** Opening DATA SUPPLIED block **
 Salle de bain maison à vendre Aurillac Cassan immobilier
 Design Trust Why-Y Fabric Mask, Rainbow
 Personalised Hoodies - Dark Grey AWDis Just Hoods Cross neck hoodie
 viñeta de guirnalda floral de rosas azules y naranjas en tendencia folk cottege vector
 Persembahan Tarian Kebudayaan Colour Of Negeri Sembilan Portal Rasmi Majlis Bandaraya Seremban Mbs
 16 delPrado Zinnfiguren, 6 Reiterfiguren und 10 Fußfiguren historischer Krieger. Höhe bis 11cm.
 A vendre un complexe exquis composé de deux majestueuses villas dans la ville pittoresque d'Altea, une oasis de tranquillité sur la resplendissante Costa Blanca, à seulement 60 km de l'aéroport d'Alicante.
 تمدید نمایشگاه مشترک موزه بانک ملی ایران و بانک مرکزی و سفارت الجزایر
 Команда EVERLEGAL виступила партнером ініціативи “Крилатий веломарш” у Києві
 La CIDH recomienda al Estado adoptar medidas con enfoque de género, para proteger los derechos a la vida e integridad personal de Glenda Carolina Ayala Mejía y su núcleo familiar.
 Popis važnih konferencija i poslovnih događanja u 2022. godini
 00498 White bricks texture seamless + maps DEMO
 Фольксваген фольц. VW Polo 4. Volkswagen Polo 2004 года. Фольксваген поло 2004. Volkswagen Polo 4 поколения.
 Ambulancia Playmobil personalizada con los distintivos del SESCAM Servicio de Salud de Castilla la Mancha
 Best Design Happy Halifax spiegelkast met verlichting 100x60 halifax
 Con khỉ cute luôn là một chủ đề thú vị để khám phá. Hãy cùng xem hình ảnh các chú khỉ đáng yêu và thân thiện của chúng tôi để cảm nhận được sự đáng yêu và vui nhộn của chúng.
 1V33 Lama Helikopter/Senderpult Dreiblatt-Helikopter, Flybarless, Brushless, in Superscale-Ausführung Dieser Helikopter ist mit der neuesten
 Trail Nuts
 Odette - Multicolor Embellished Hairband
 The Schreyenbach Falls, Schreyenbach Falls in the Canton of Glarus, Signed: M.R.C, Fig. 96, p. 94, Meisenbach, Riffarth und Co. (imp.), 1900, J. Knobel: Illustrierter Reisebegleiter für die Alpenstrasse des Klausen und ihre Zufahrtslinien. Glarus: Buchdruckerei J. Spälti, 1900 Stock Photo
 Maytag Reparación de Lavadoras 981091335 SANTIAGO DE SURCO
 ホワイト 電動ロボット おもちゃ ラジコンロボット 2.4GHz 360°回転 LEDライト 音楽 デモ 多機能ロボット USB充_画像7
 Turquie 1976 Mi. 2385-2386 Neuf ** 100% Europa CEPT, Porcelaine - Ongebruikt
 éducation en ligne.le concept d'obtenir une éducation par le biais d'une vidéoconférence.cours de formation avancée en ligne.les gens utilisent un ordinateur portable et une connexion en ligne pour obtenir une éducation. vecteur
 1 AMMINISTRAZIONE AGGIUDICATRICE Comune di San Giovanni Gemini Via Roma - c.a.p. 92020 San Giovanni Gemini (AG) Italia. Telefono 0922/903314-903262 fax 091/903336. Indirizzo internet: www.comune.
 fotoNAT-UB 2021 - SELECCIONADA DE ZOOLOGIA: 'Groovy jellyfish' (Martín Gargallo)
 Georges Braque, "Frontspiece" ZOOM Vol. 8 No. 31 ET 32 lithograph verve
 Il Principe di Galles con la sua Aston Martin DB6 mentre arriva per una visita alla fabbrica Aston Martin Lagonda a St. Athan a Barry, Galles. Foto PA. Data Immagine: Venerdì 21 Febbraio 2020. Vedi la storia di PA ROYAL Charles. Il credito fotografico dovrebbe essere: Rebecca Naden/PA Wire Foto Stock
** Closing DATA SUPPLIED block **
→ **WHAT YOU SHOULD DO**:
From the records above, pull out each line that has "vendre".

→ **SOLUTION TO THIS TASK**:
 Salle de bain maison à vendre Aurillac Cassan immobilier
 A vendre un complexe exquis composé de deux majestueuses villas dans la ville pittoresque d'Altea, une oasis de tranquillité sur la resplendissante Costa Blanca, à seulement 60 km de l'aéroport d'Alicante.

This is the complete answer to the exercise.